Student Selection, Attrition, and Replacement in KIPP Schools
Skeptics of charter schools have argued that the impact of charters on student performance can be attributed to their ability to “skim motivated students.” That is to say, in simplified terms: high-flying charters are high-flying, not because of their ability to educate kids more effectively than their traditional public school peers, but because of their ability to attract and retain cream-of-the-crop students.
Mathematica Policy Research, a top-notch policy and program evaluator, has recently looked into this precise question, using KIPP charter schools as its guinea-pig. KIPP, with its 125 schools in 39 states and the District of Columbia, is one of the largest charter school networks in the U.S. In Ohio, it operates one middle school in Columbus (sponsored by Fordham).
The researcher ask whether KIPP schools have (1) higher rates of attrition of its low-performers, compared to their district school peers; and (2) whether KIPP schools have higher rates of “late arriving” high-performers, compared to their district counterparts. If the researchers find higher rates of attrition or late-arriving, one could infer that the positive impact that KIPP charters have on student performance (found here, here, and here) is a function of selection and (de-selection) of students rather than of KIPP’s educational approach.

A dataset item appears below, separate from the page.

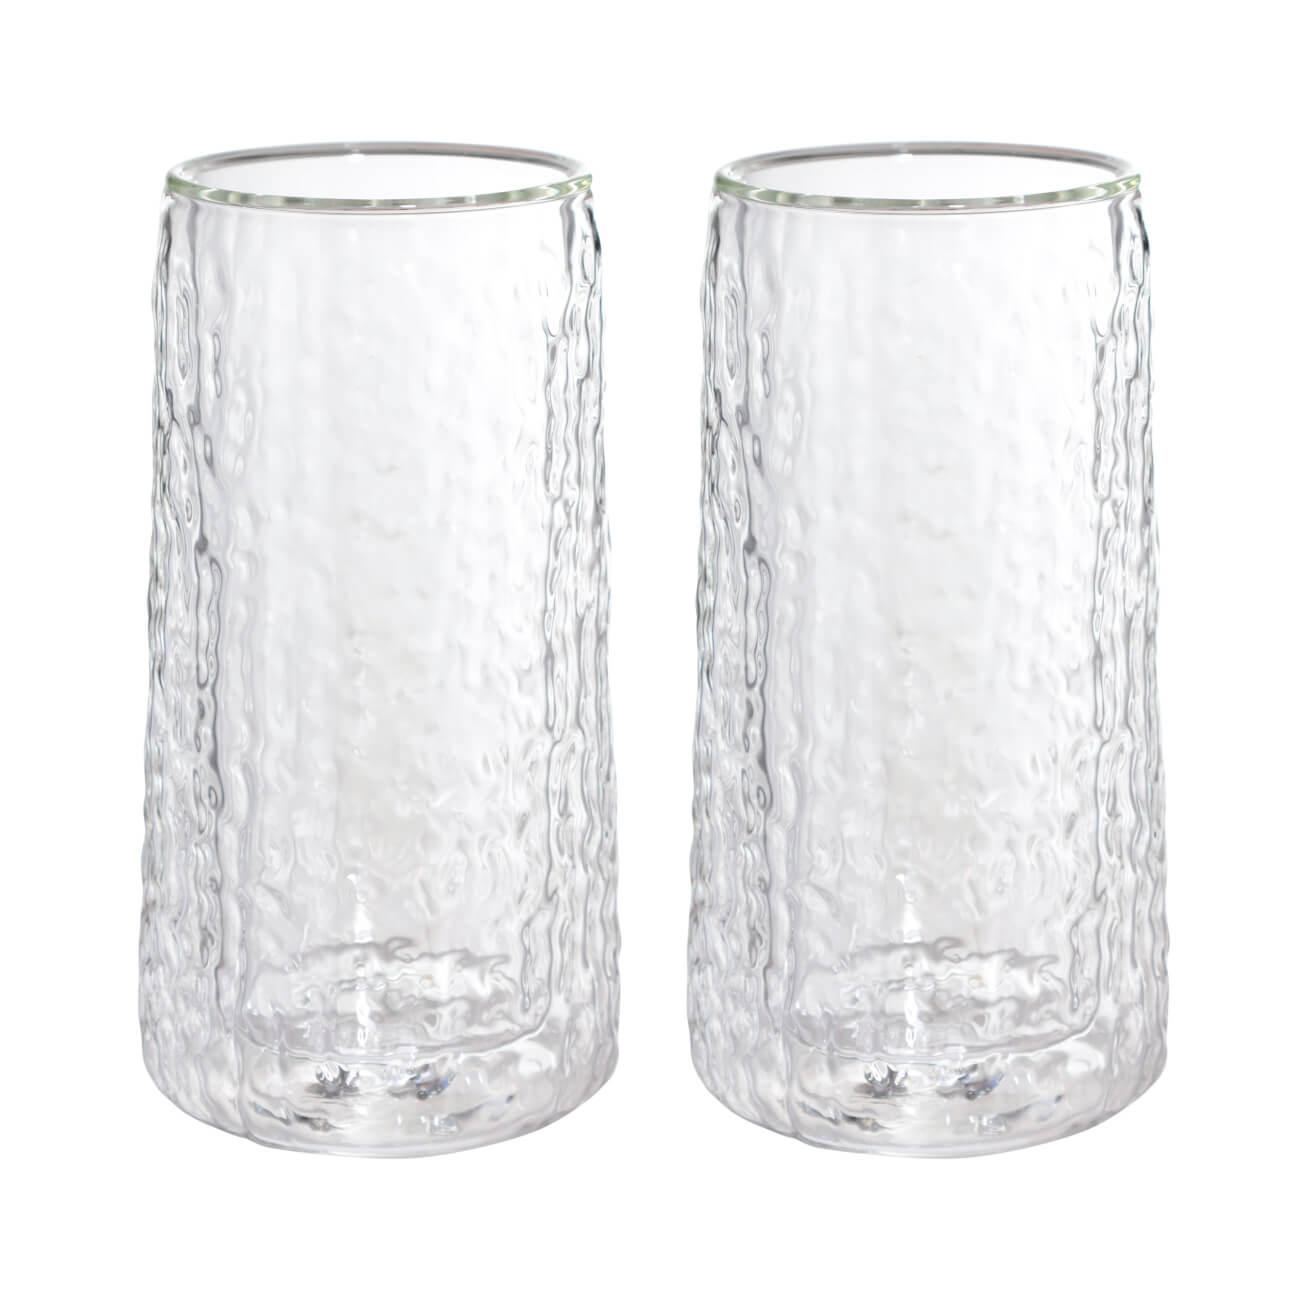 Стакан, 320 мл, 2 шт, стекло Б, Air ripply бокал для мартини 250 мл 2 шт стекло перламутр ripply polar

When the researchers compared attrition rates, they found no significant difference. KIPP schools lost students of the same quality, at the same rate as their district counterparts; in fact, both tended to lose mostly low-achievers. So with respect to attrition: check, one cannot attribute KIPP’s positive impact to its ability to “lose” or “de-select” lousy students. When the researchers compared late arrivals, KIPP schools did attract a higher proportion of high-achieving students than did district schools. So the evidence is less clear: some of KIPP’s positive impact might be attributable to the late-arrival of smart youngsters.
The researchers conclude that, despite KIPP’s higher rate of late-arriving, high-performers, one cannot attribute KIPP’s “large cumulative impacts on student achievement” to this factor alone. (This would be mediated through “peer effects.” Think about it like this: studying with more “smart” people should make one smarter.) The bottom-line, then: in light of rigorous evaluation, KIPP continues to shine. The research here indicates to even the severest skeptic that KIPP’s educational approach—no excuses, more time, etc.—has a measurable, positive impact on student learning.
SOURCE: Ira Nicholas-Barrer, Brian P. Gill, Phillip Gleason, and Christina Clark Tuttle, Student Selection, Attrition, and Replacement in KIPP Middle Schools, (Washington D.C.: Mathematica Policy Research, September 2012).